VAKRA doesn’t tell you how to solve this. It just exposes the problem and measures whether you can. That’s the kind of benchmark I respect.

Failure Modes: Where Agents Fall Apart

The paper catalogs several failure modes, and none of them are surprising if you’ve worked with agents in production.

Failure to initialize properly. Agents often skip the get_data call and try to call downstream tools directly. This is like walking into a library and asking for a book without checking the catalog first. The tool doesn’t exist until the data source is initialized.

Tool hallucination. Agents invent tool names that don’t exist. This happens more often than you’d think. The model sees a pattern in the tool names and extrapolates to a function that isn’t in the API spec. This is the agent equivalent of a language model making up a citation.

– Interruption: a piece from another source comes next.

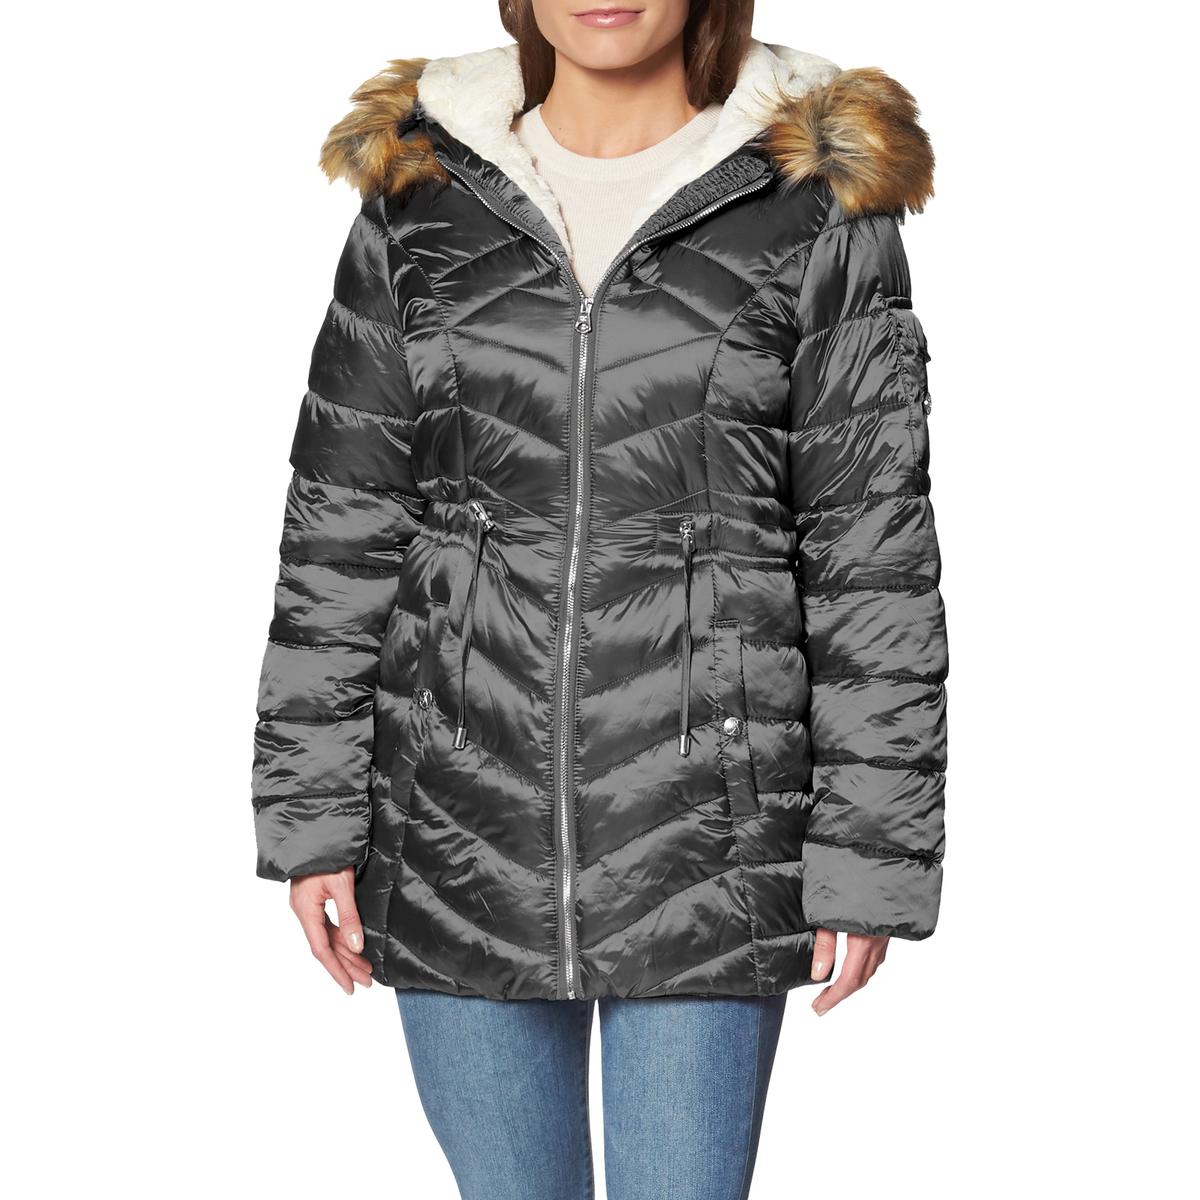 Jessica Simpson Puffer Coat for Women-Faux Fur Cozy Lined Quilted
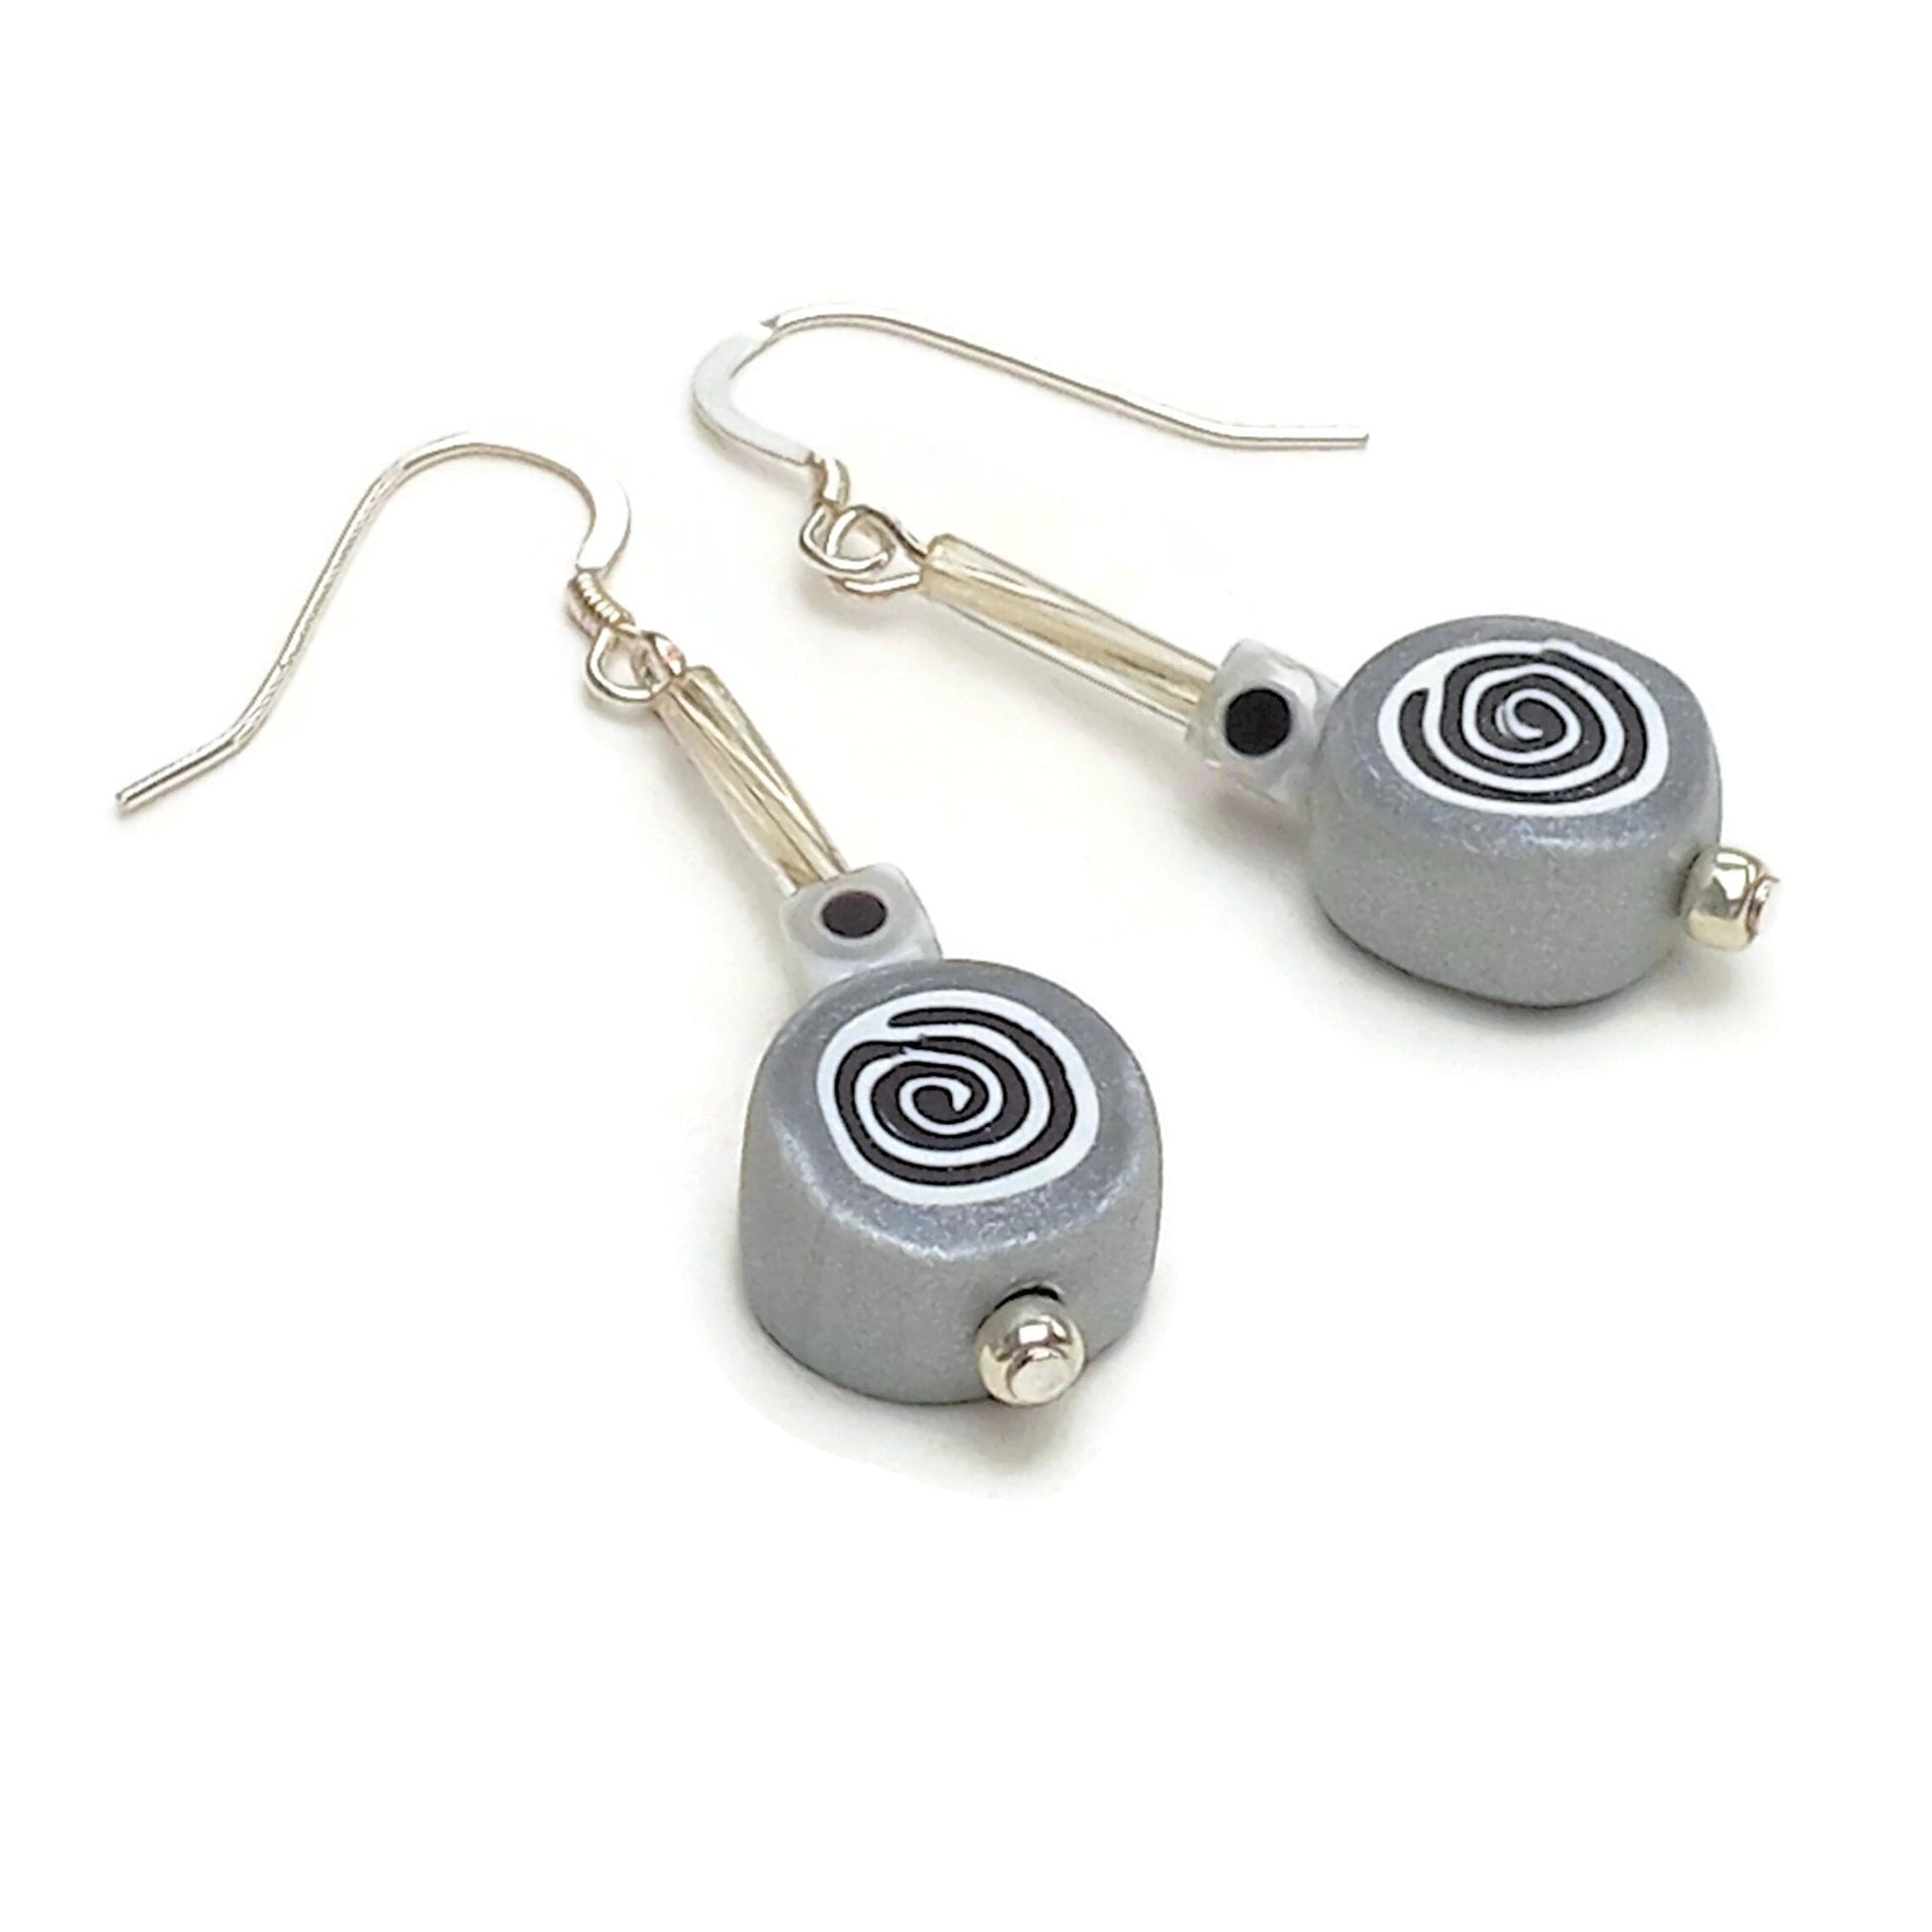 Polymer clay spiral bead drop earrings with sterling silver ear wires on white background

Chain depth issues. The longer the chain, the more likely the agent loses track. After 5-6 steps, performance drops off a cliff. This aligns with what I’ve seen in practice: agents are good at 2-3 step tasks, but anything beyond that requires careful prompt engineering or external memory.

Tool selection overload. With 100+ tools available, agents often pick the wrong one. The model doesn’t have a good internal representation of what each tool does, especially when tool names are similar. get_data_by_name vs get_data_by_id — the agent might pick the wrong one and never recover.

Why This Benchmark Matters

Most agent benchmarks test in isolation. “Here’s a question, here’s a set of tools, go.” VAKRA tests compositionally — chaining tools, reading documents, handling errors, and doing it all under realistic constraints like the 128-tool limit.

This is higher than I expected in terms of difficulty. I’ve seen enough agent demos to know that the gap between a demo and production is enormous. VAKRA quantifies that gap.

I also appreciate that the benchmark is executable. You can’t cheat by having a human in the loop or by pre-computing answers. The agent has to actually run the tools and produce results. That’s the only way to know if the thing works.

The Elephant in the Room

No benchmark is perfect. VAKRA focuses on enterprise-like environments, which means it might not generalize to consumer-facing use cases. The tool interfaces are also somewhat stylized — real enterprise APIs are often messier, with inconsistent naming conventions, undocumented endpoints, and authentication issues.

But as a stress test for agentic reasoning, it’s one of the best I’ve seen. The failure modes it exposes are real problems that anyone building agents at scale will encounter.

If you’re working on agents, I’d recommend taking a close look at the VAKRA dataset and leaderboard. Not because it’s fun (it’s not — your models will probably fail), but because it tells you what you need to fix.

And if you’re a vendor claiming your agent framework can handle complex enterprise workflows? VAKRA is the reality check you didn’t ask for but probably need.